Зубр - Гранин Даниил Александрович. Страница 51
Феномен Д. означал, что Зубра можно не любить. Более того — ненавидеть! Это было для меня открытием.
Я решил встретиться с Д. Тем более что он остался один из немногих, кто так хорошо и долго знал Зубра по работе, да и по жизни, что прошла после войны.
Меня отговаривали.

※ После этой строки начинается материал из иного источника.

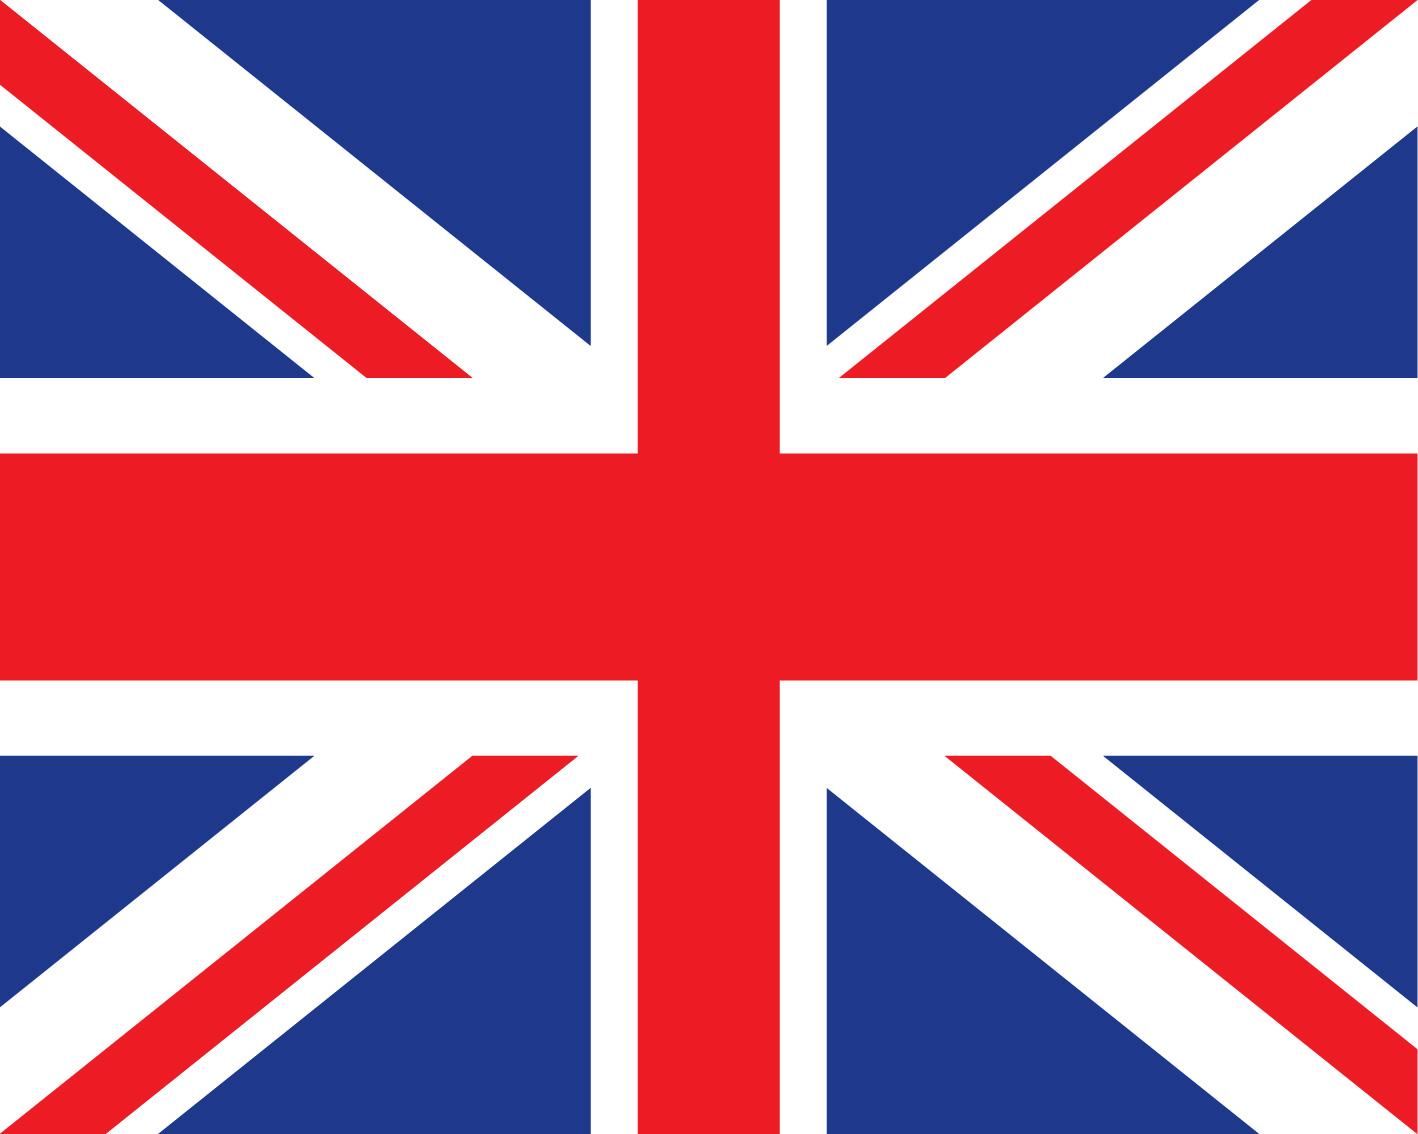 Flag_Series-02

Предупреждали, что он все замажет грязью, станет клеветать, напридумает пакости, потом не разберешься.
Чем сильнее меня отговаривали, тем больше мне хотелось увидеться с Д.

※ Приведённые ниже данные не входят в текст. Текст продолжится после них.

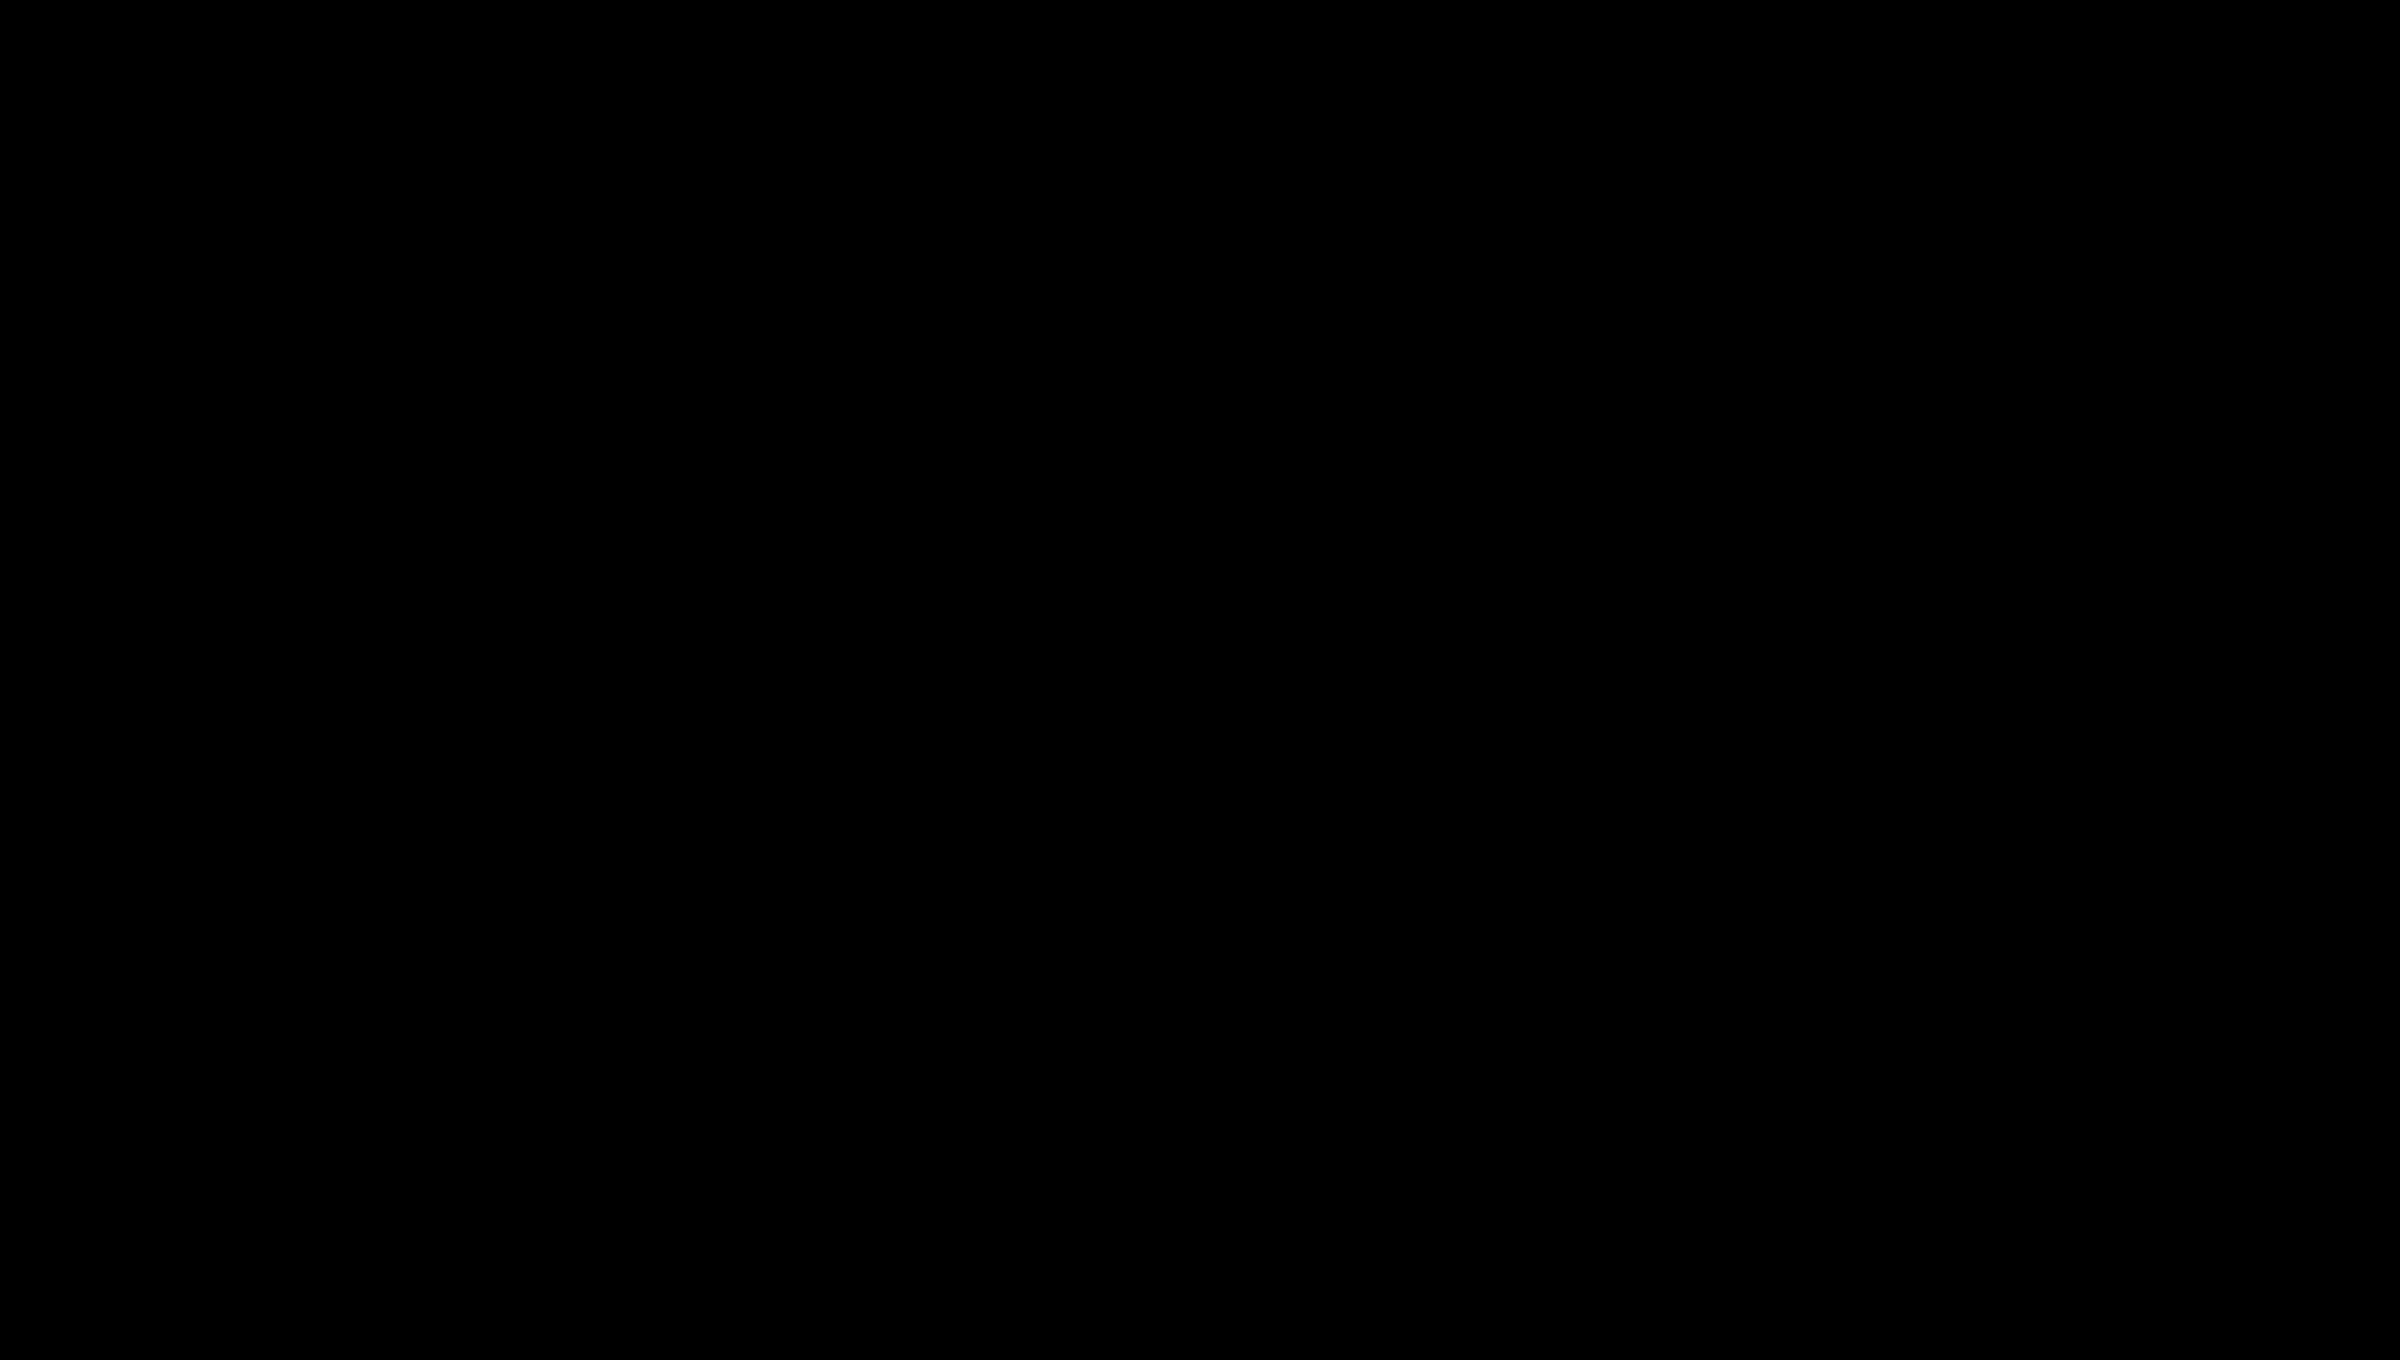 2400x1360 Kangaroo Silhouette Icons Png

Я вспомнил книгу Константина Леонтьева о романах Льва Толстого. Язвительно, местами с убийственной злостью разбирает Леонтьев язык, стиль «Анны Карениной», «Войны и мира». Отдает должное и в то же время высмеивает безжалостно, без всякого почтения. Ничего подобного читать о Толстом мне не приходилось. Было страшно и любопытно. Неприязненный взгляд Леонтьева был зорок. То, что у Толстого могут быть такие огрехи, надуманность, слабости, то, что перед ними можно не преклоняться, потрясло меня. Многое из читанного о Толстом раньше показалось приторно хвалебным. Я вдруг почувствовал, что моей любви не хватало этого чужого злого мнения. Оно пригодилось — от критики Леонтьева в чувстве моем к Толстому ничего не убыло, скорее прибыло.

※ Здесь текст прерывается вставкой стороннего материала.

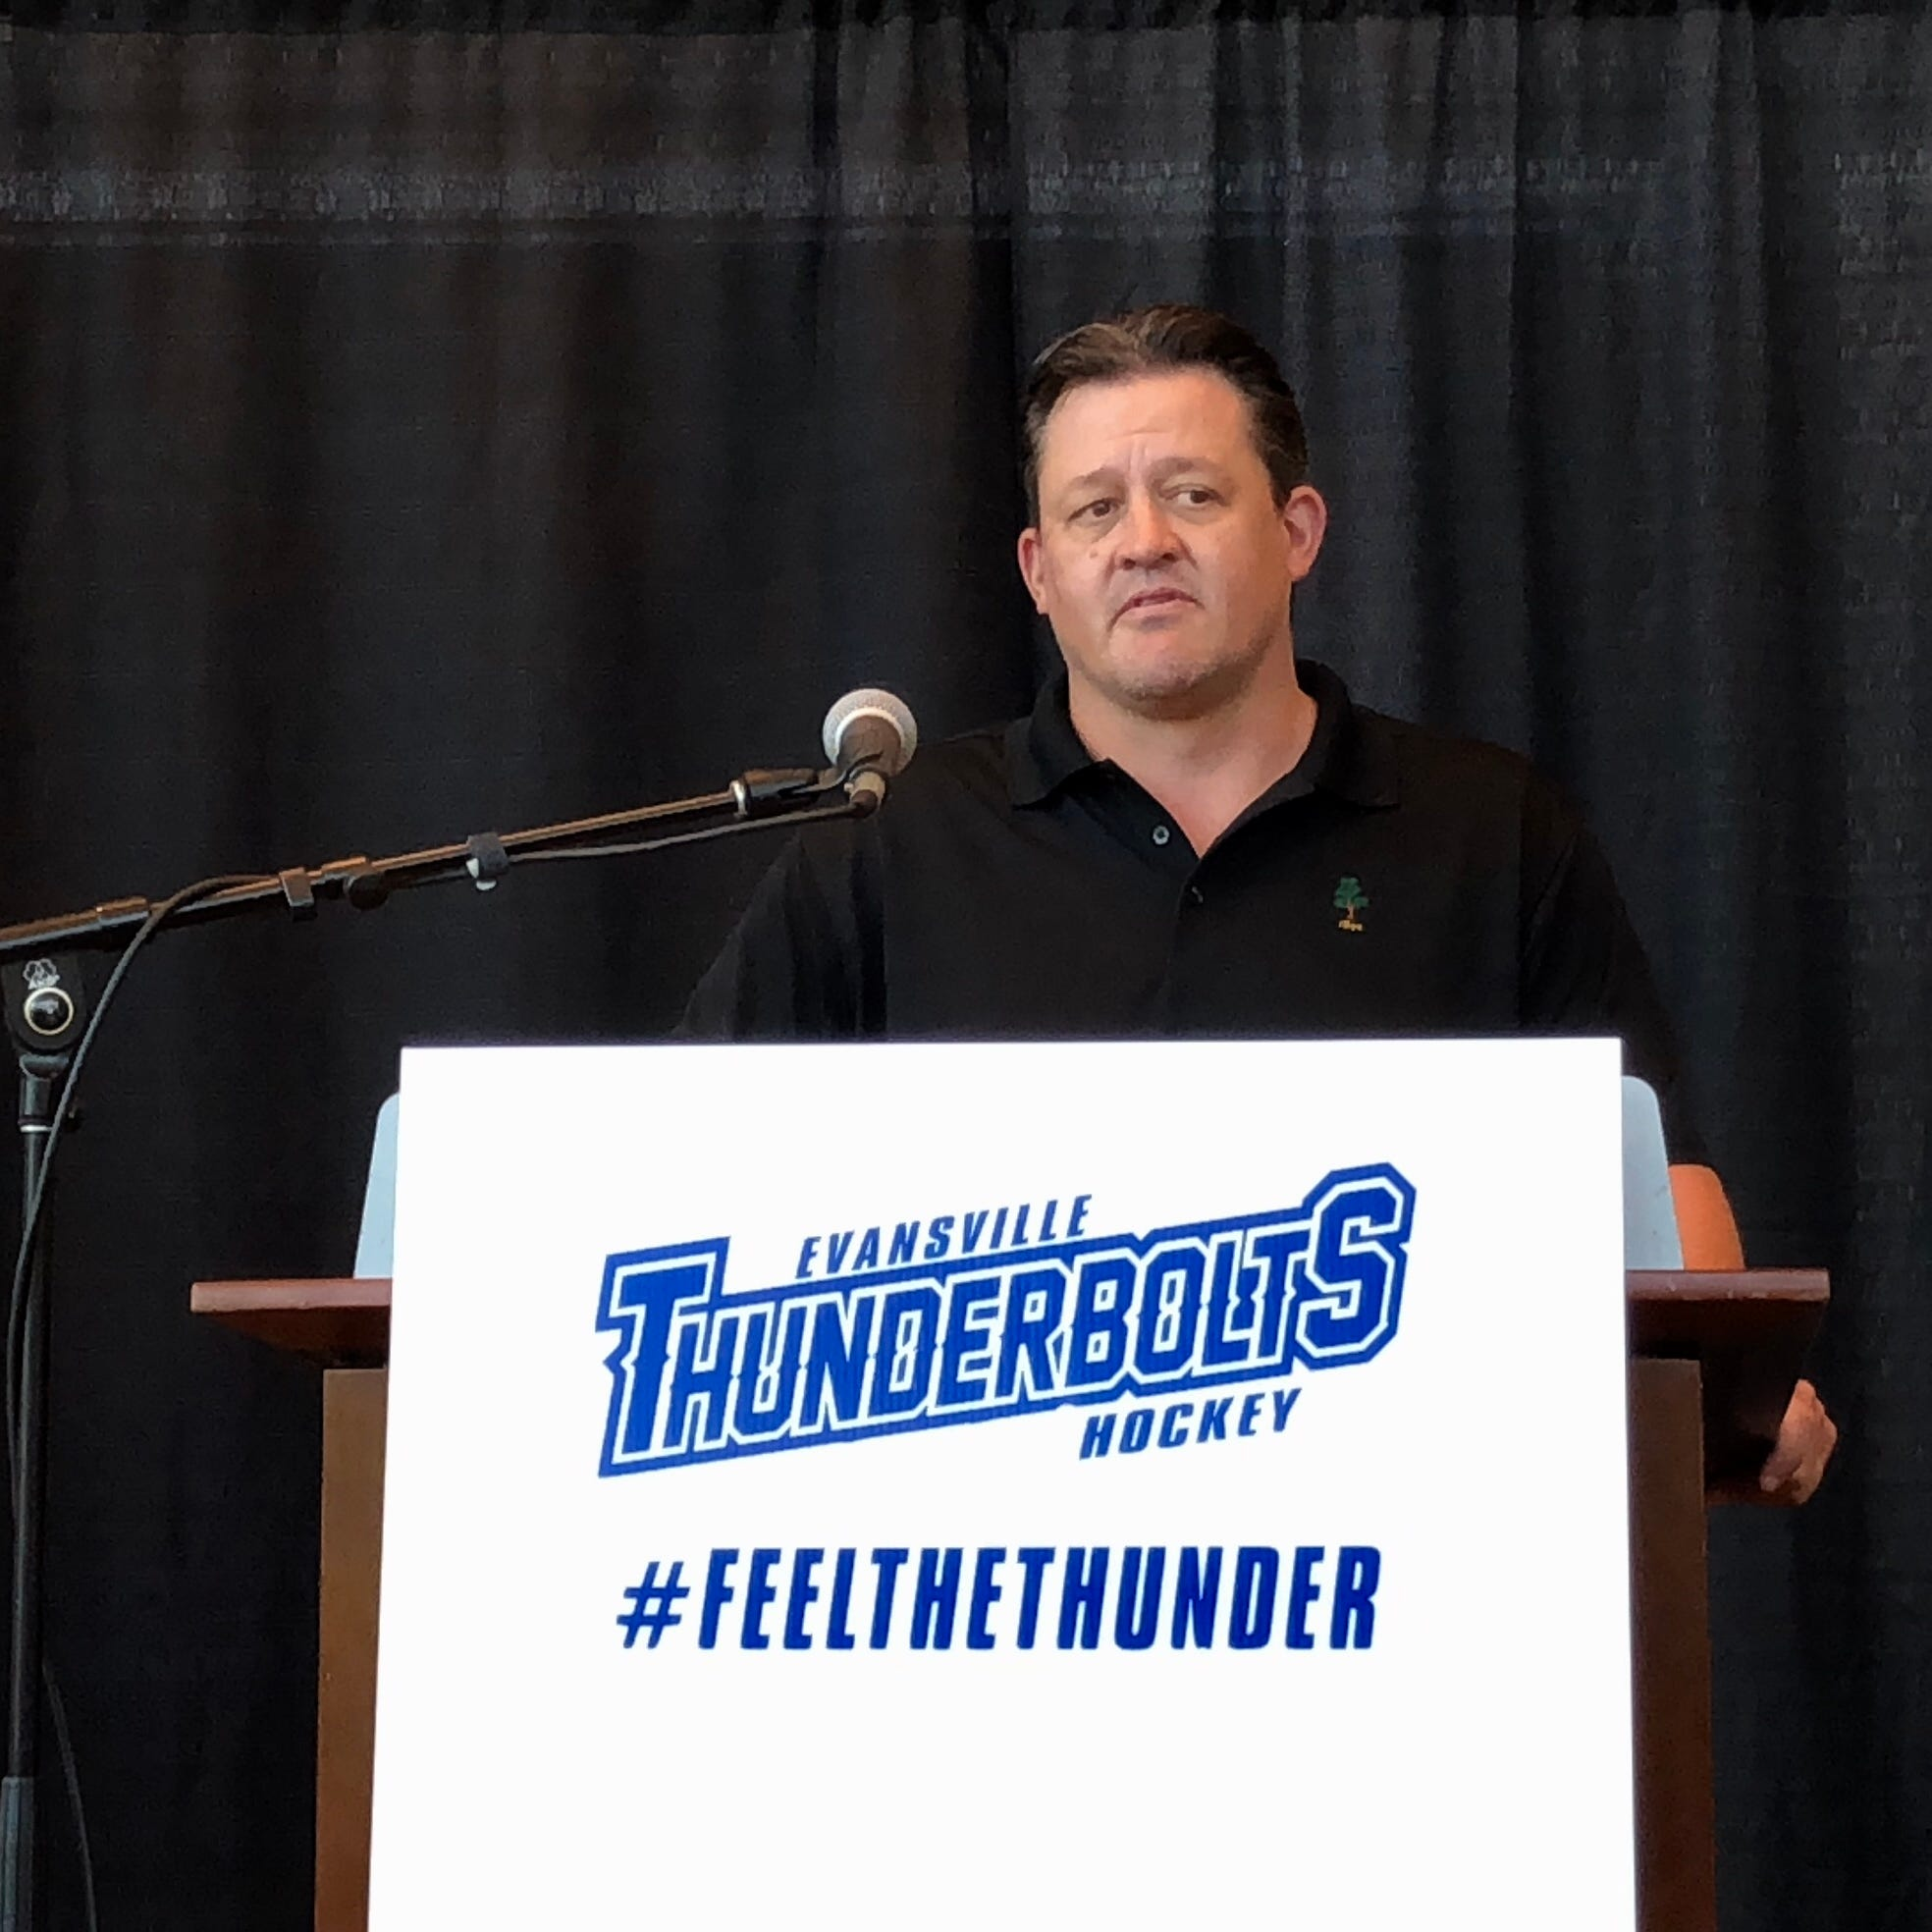 New Thunderbolts coach Ian Moran brings NHL expertise | Lindskog

Уговорить Д. на встречу было непросто. Разумеется, он понимал, что я хочу написать о нем, что все равно я напишу, согласится он на встречу или нет, поскольку в повести о Зубре без него не обойтись. Он знал, что он — отрицательный герой, но до какой степени? Он не знал, что и сколько мне известно. И медлил, откладывал, ссылался на нездоровье.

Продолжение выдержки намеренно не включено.